Be sure to check the sha256 hash of your download with the official sha256 hash of NRS from Come-from-Beyond.  On the main page, I only list the sha256 hash of the official NRS version from Come-from-Beyond.  MAKE SURE THE SHA256 HASH OF YOUR DOWNLOAD MATCHES!  Even if you download it from the link I provide on the main page, CHECK THE HASH TO MAKE SURE IT MATCHES!  Download links can be compromised!  BE CAREFUL!

All links to download NRS should point to Come-from-Beyond's post on Bitcointalk.org.  Having separate locations hosting the client is a bad idea.  Too many people then have access to modify the download link.  Please make sure to delete all references to other NRS downloads from the website, nxtcrypto.org, the forums and the wiki.

To determine which NRS version contains the exploit, you need to run the sha256 hash of the download and compare it to the official sha256 hash I have listed in the first post.  Please, do this and report your findings to the community.  THIS IS OF UTMOST IMPORTANCE!

On linux the command to check the sha256 hash is:

sha256sum 'path_to_NRS_download'

[Anon136]

can anyone else see account # 14592641999125872769 on the explorer? if you search 408269093319763437 you will see the transaction that i used to send coins to it. But just an error when i try to look up the account.

[Zahlen]

Block explorer gives me an error (yet works fine for my account), but 22k.io shows a 200 NXT transfer.

[morningtime]

REGARDING NXT CLIENT EXPLOIT

Be sure to check the sha256 hash of your download with the official sha256 hash of NRS from Come-from-Beyond.  On the main page, I only list the sha256 hash of the official NRS version from Come-from-Beyond.  MAKE SURE THE SHA256 HASH OF YOUR DOWNLOAD MATCHES!  Even if you download it from the link I provide on the main page, CHECK THE HASH TO MAKE SURE IT MATCHES!  Download links can be compromised!  BE CAREFUL!

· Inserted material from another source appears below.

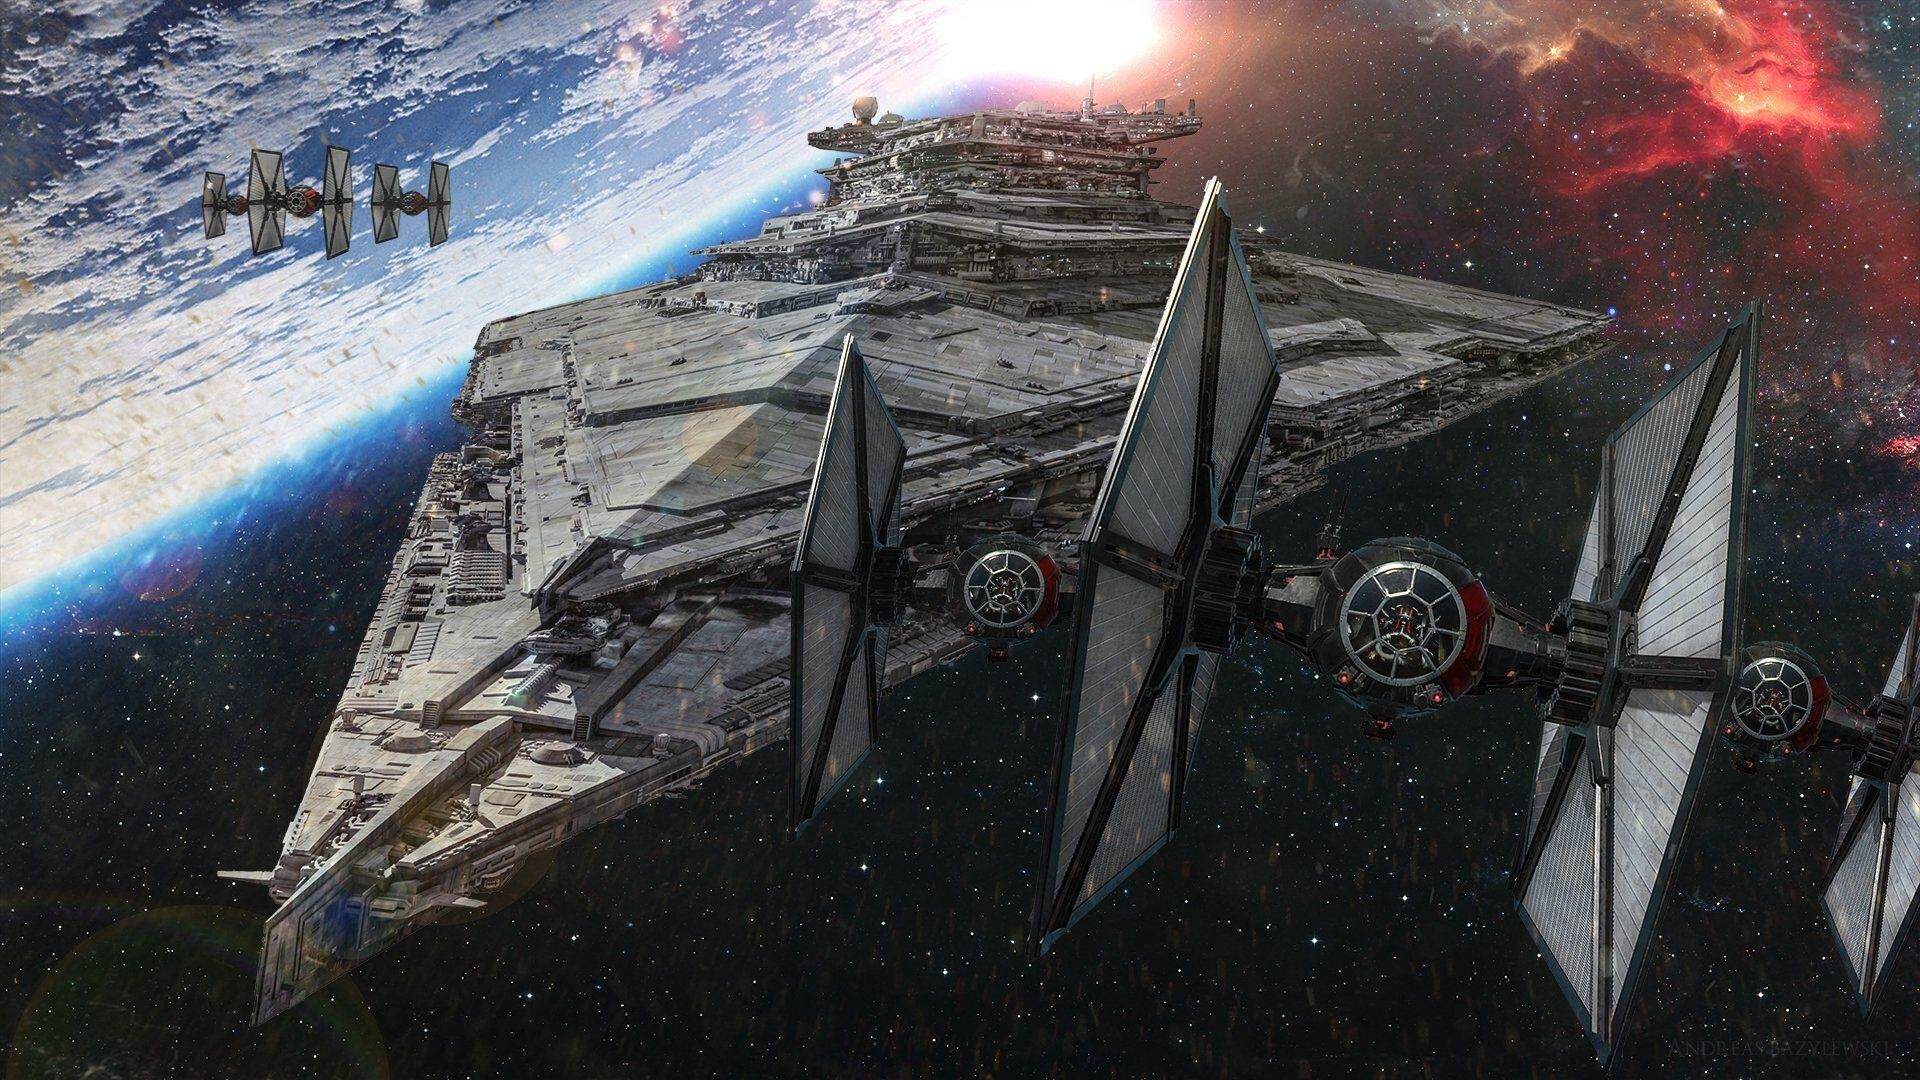 Star Wars: Venator-class Star Destroyer, A versatile capital ship capable of serving as both a combatant in ship-to-ship naval warfare and a starfighter carrier. 1920x1080 Full HD Wallpaper.

All links to download NRS should point to Come-from-Beyond's post on Bitcointalk.org.  Having separate locations hosting the client is a bad idea.  Too many people then have access to modify the download link.  Please make sure to delete all references to other NRS downloads from the website, nxtcrypto.org, the forums and the wiki.

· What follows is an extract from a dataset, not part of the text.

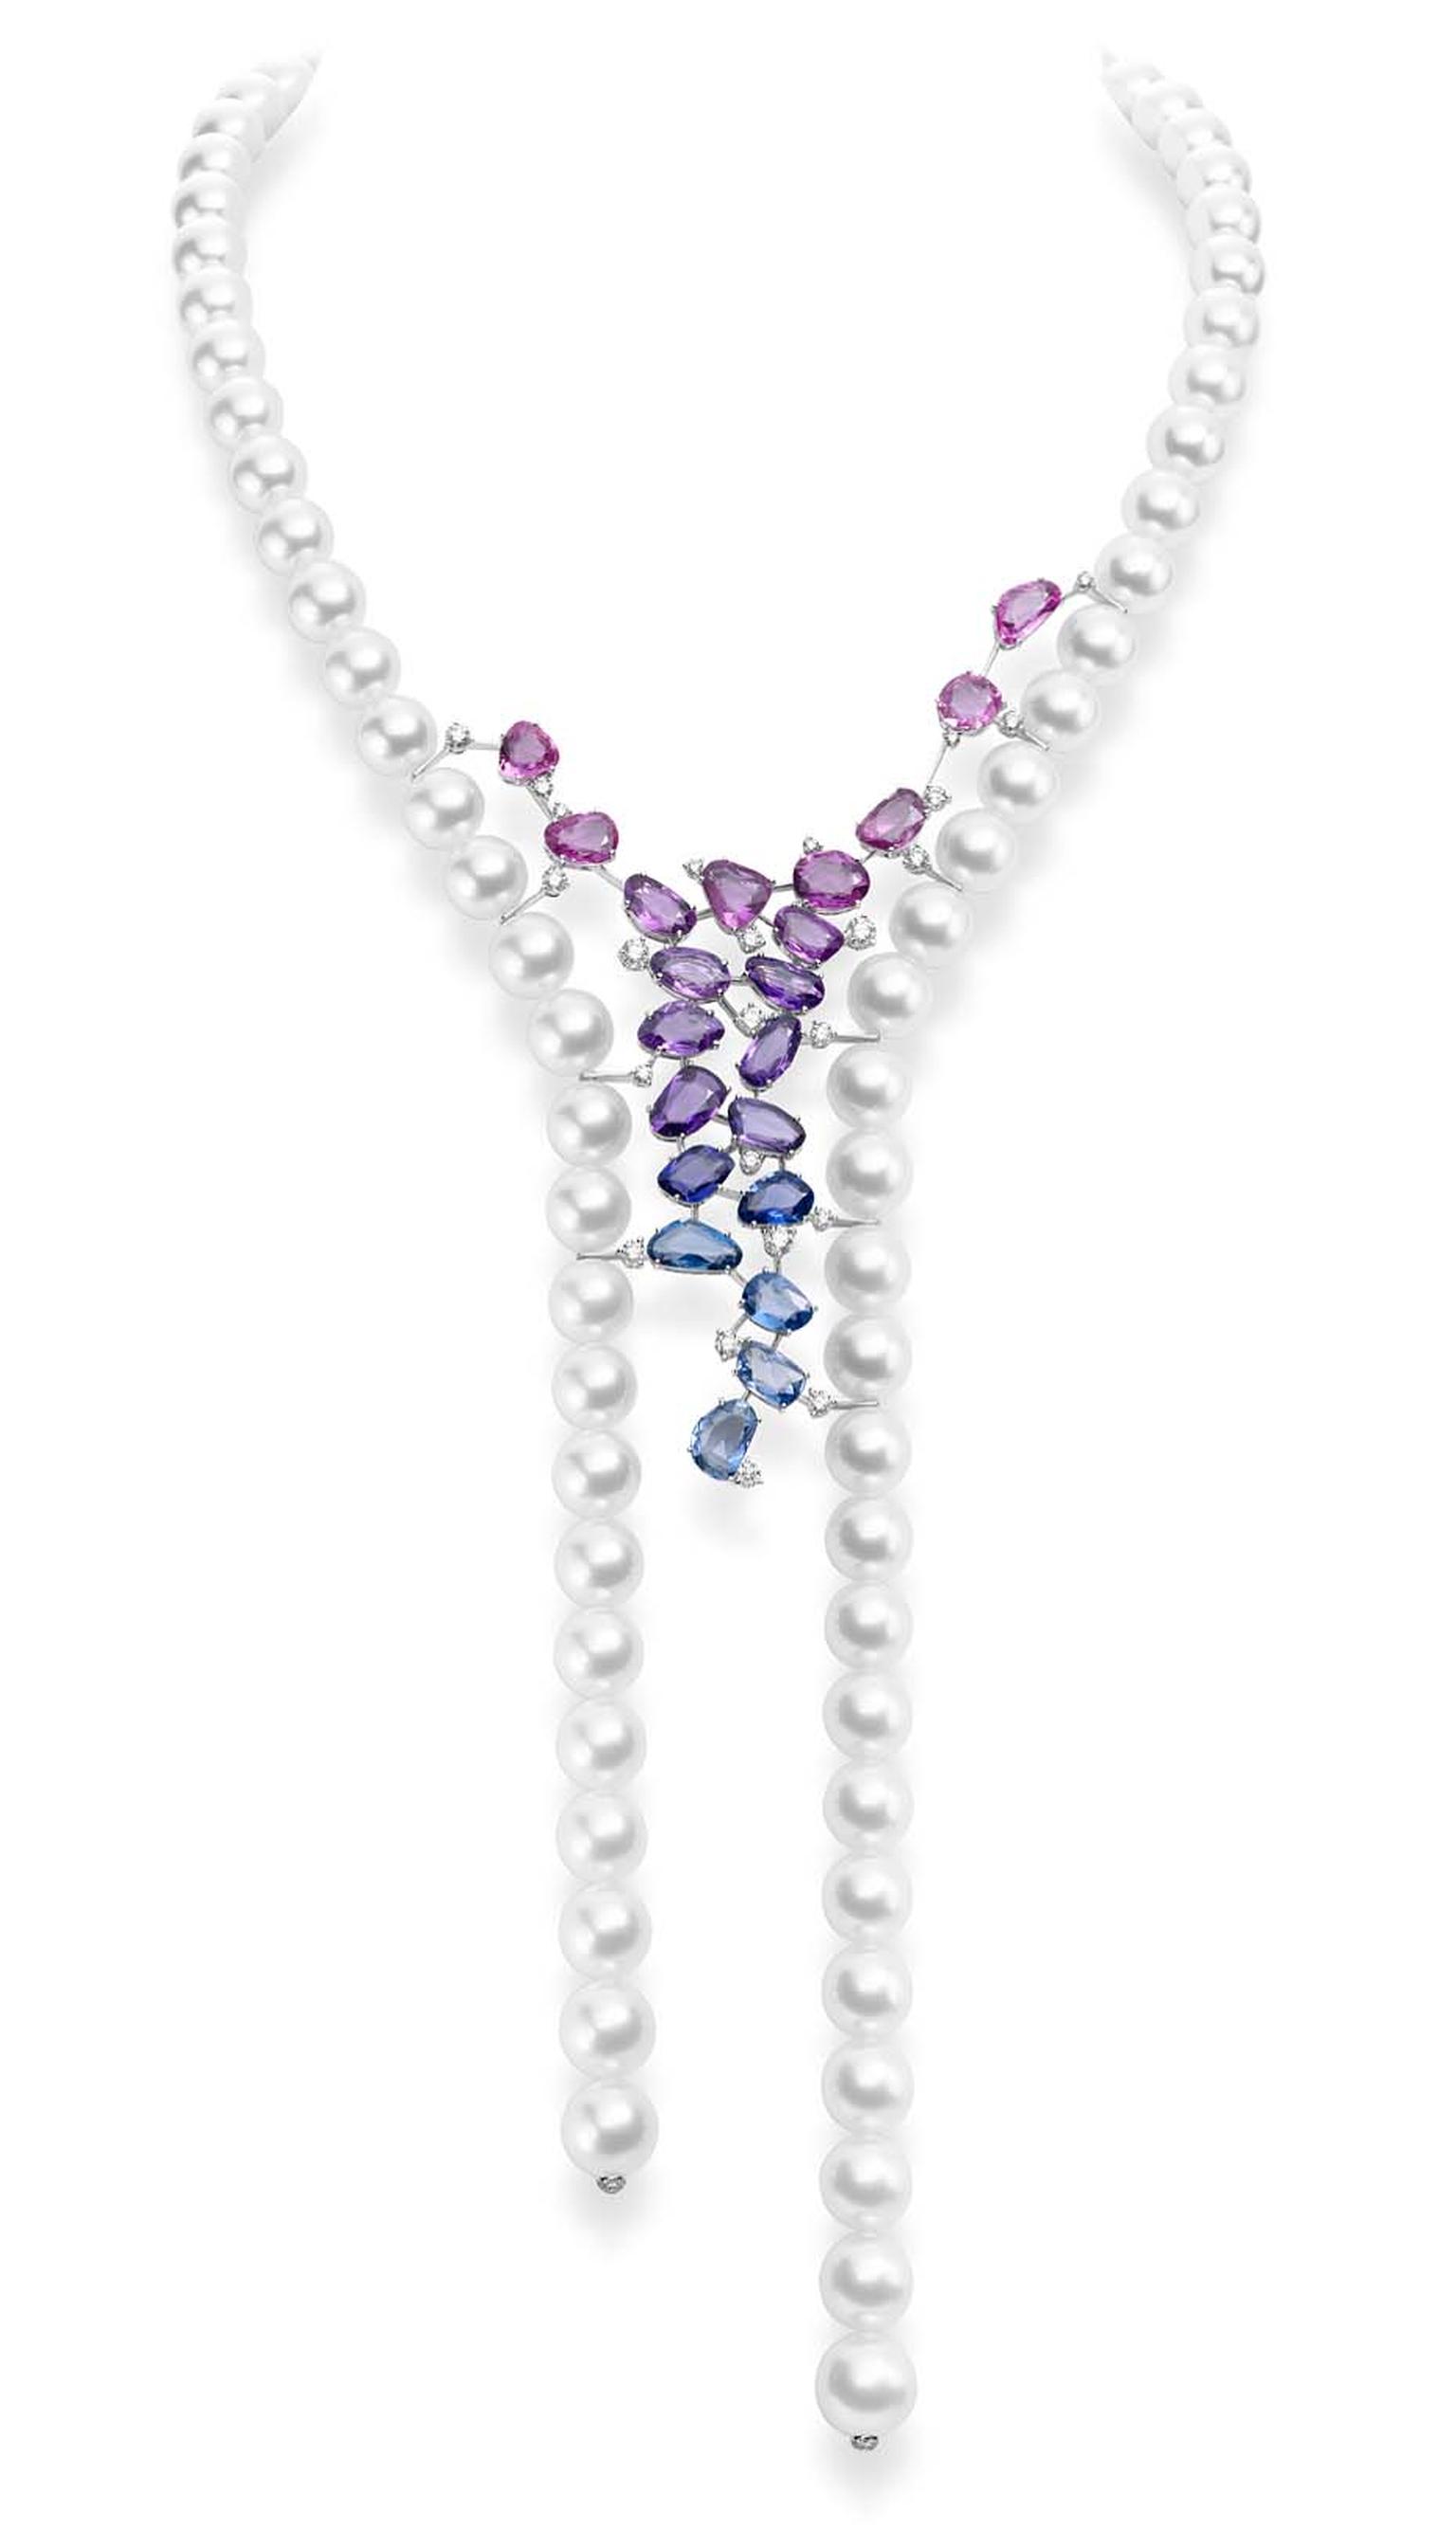 Mikimoto's Sunset necklace features jewels arranged in a unique mosaic of vibrant pink, purple and blue. White cultured South Sea pearls surround a delicate cascade of pink, purple and blue sapphires and diamonds set in white gold.

To determine which NRS version contains the exploit, you need to run the sha256 hash of the download and compare it to the official sha256 hash I have listed in the first post.  Please, do this and report your findings to the community.  THIS IS OF UTMOST IMPORTANCE!

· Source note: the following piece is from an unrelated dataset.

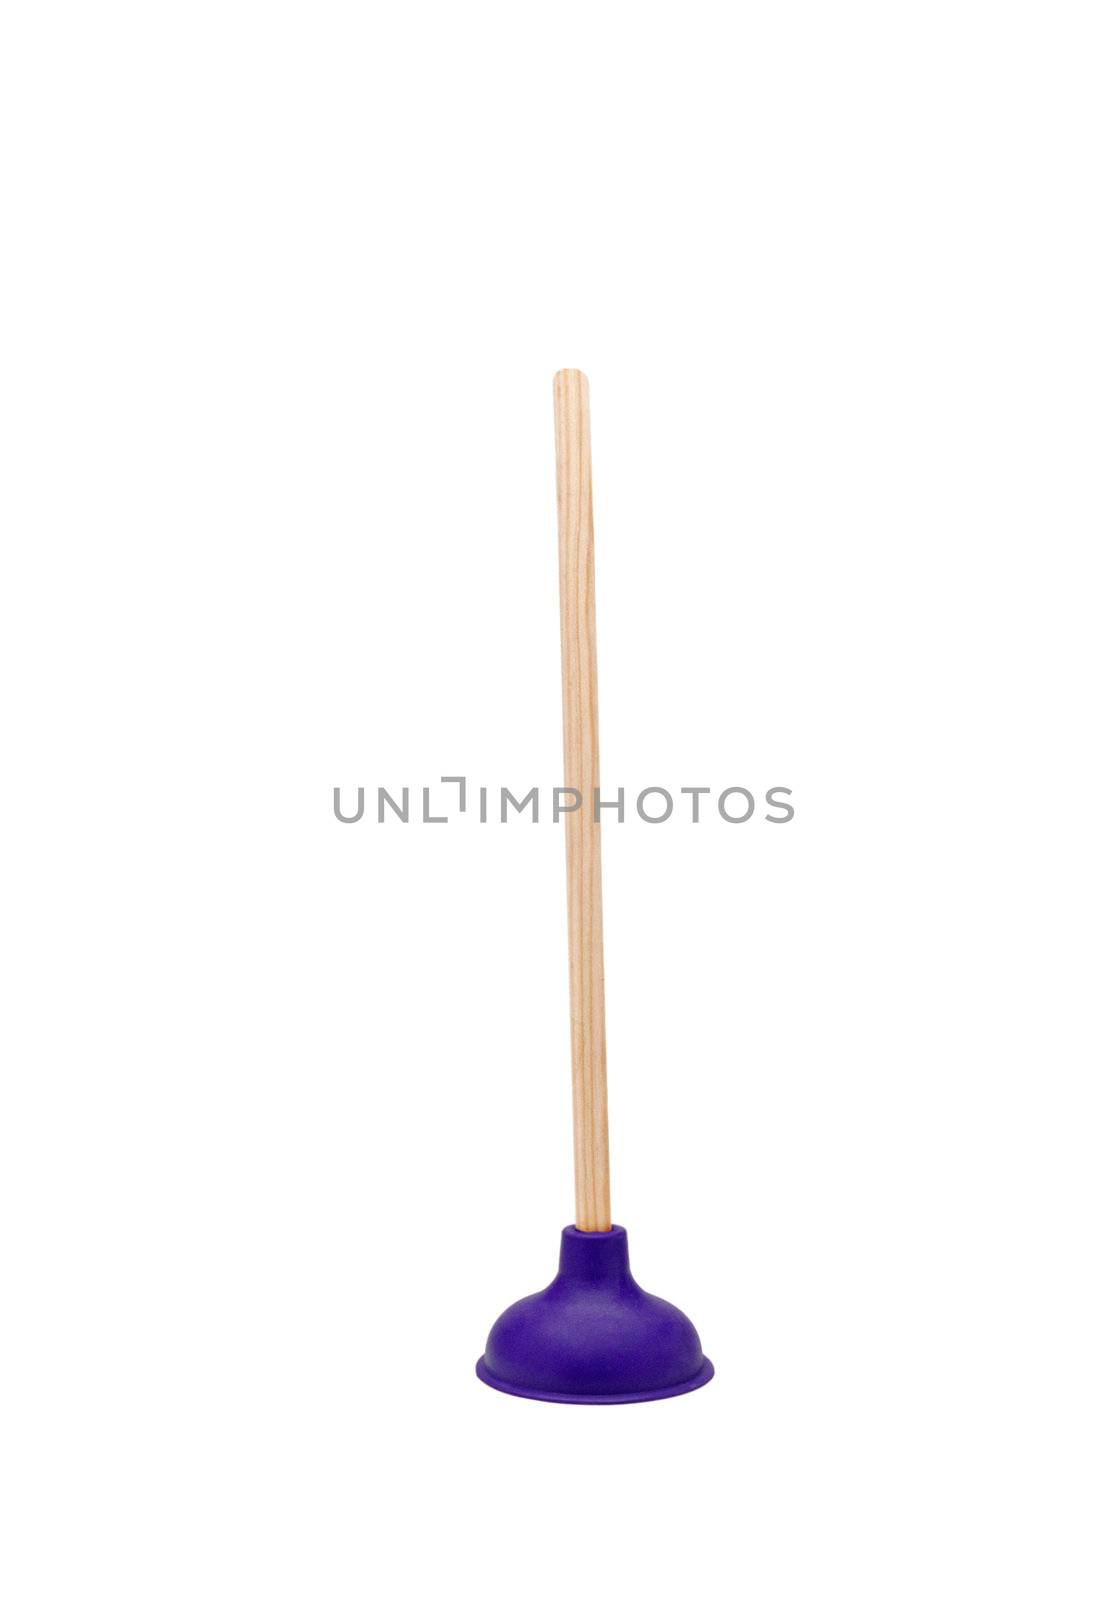 A plunger isolated on white

On linux the command to check the sha256 hash is:

sha256sum 'path_to_NRS_download'

And EVERYBODY needs to create COMPLETELY NEW ACCOUNTS with NEW PASSWORDS. Because your old one *might*  have been compromised. I myself can't remember whether I used the wrong client, so I created a new account and moved my funds - JUST TO BE SURE. EVERYONE SHOULD DO THIS.

[pandaisftw]

Hm, I wonder if target is going up because everyone is transferring to new accounts?

[Come-from-Beyond]

Regarding the unclaimed coins: Tomorrow is the very last day when legit owners can claim them! Hurry up!

[landomata]

Can we put in place a block on all previous clients (from inside blockchain) until the fresh secure client is release on an urgent basis?

[instacalm]

if you haven't already, don't forget to vote for Hash's logo here: https://nextcoin.org/index.php/topic,1927.0.html

[laowai80]

intel, when PaulyC reported the theft, lots of people besides EvilDave were suggesting possibilities. The most commonly suggested was keylogger. I remember someone posted something like

1) SHA256 and Elliptic Curve algo broken: 0.0001%
2) Keylogger: 80%
3) Bogus client: 10%
4) Rogue node: 10%

yeah, so it was #3, I was leaning more towards #2, but oh well, #3 has a good chance too as it turned out, since all these automatic installation packages rolling out gave people a false sense of security, and they could download from any link that says 'nxt.zip' in it. Not all, but some do. It was a good lesson on security. It's good to know that SHA256 is still rock solid.